Agriculture Secretary Francisco P. Tiu Laurel Jr. has directed state-owned Food Terminal Inc. (FTI) to buy large volumes of mung beans and chili peppers directly from local farmers to stabilize prices and reduce dependence on imports.
The Department of Agriculture named munggo and sili as priority crops this year. For chili, the aim is to curb sharp price swings that hit consumers, especially during the rainy season. For mung beans, the focus is to raise local production and move toward self-sufficiency.
Tiu Laurel said the Philippines still imports large amounts of mung beans, mostly from Argentina, despite local output of about 45,000 metric tons. He said the goal is to be self-reliant by 2027.
About one-third of local mung bean production comes from Isabela, though the crop can be grown in other regions. Munggo is a staple food and a major source of plant protein.

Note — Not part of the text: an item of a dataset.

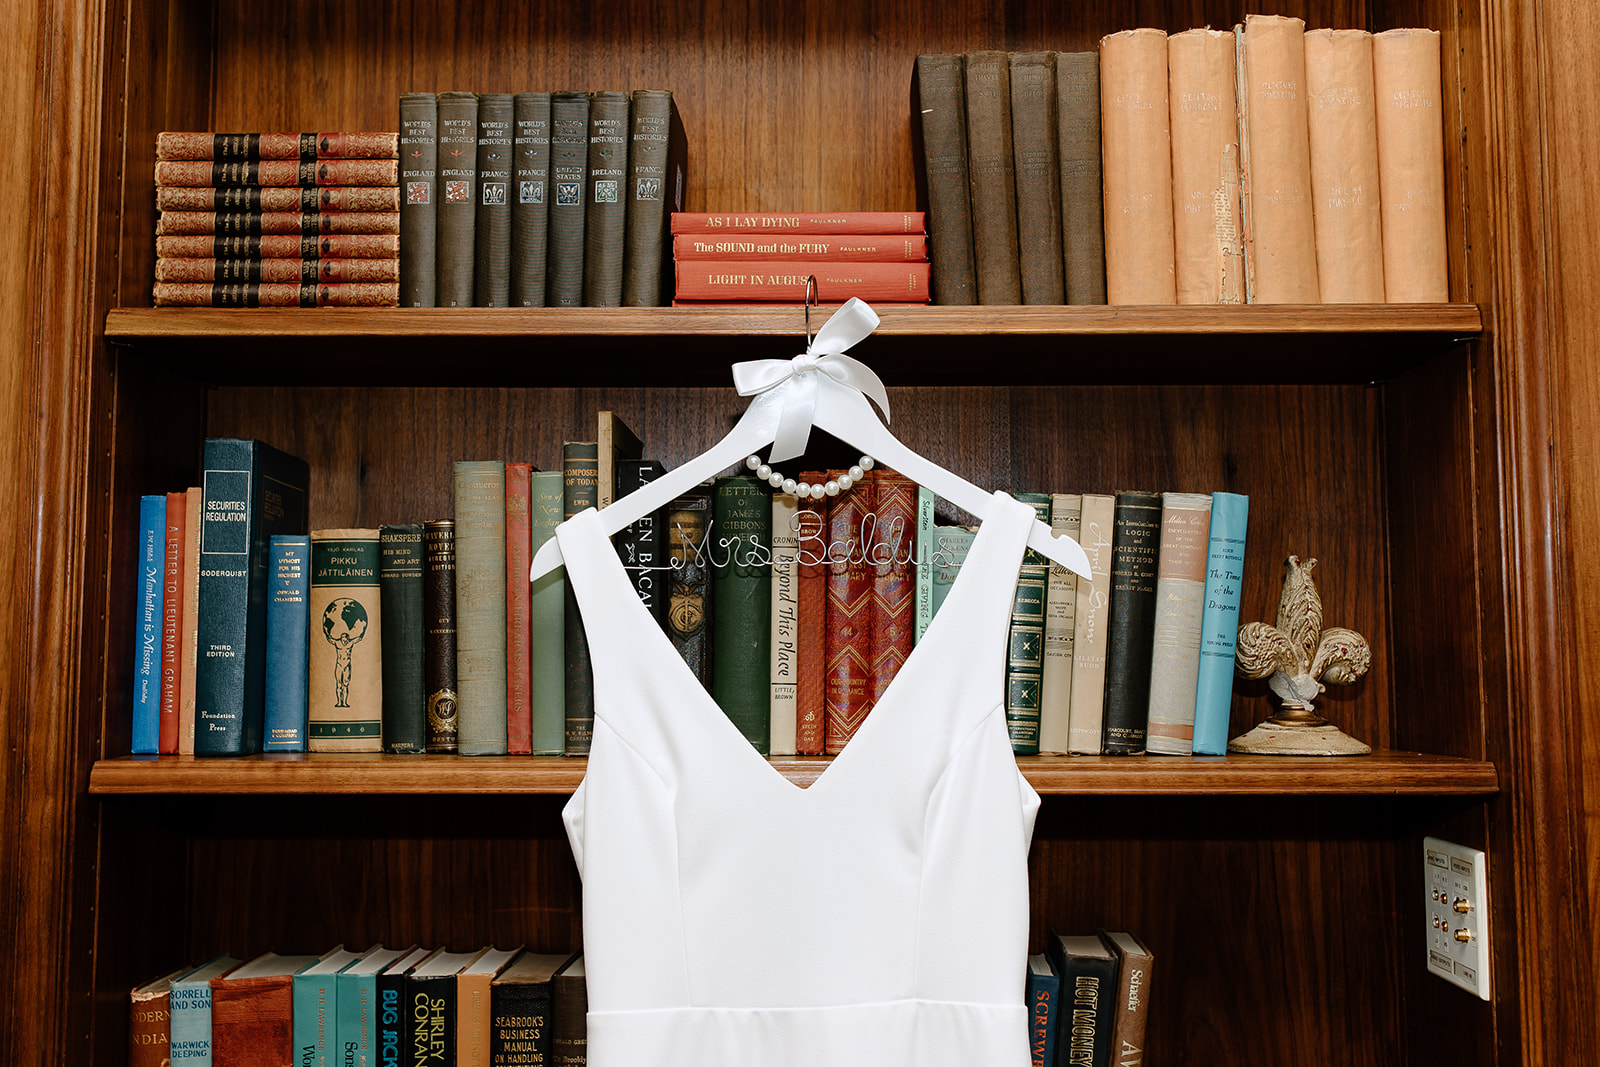 Wedding dress hanging from a bookshelf

FTI has been told to initially buy up to 80 percent of domestic mung bean output, or about 3,000 metric tons a month, to give farmers a steady buyer and protect them from price volatility.
A similar plan is being rolled out for chili peppers, whose supply often drops during the wet season due to crop damage, causing prices to spike.
The DA is also funding greenhouse facilities to protect high-value crops like chili from extreme weather and support year-round production. In addition, FTI is being encouraged to invest in processing plants to turn fresh chili into flakes or paste, allowing surplus harvests to be stored and released when supply is tight.
Tiu Laurel said the strategy supports farmers, stabilizes prices, and strengthens food security.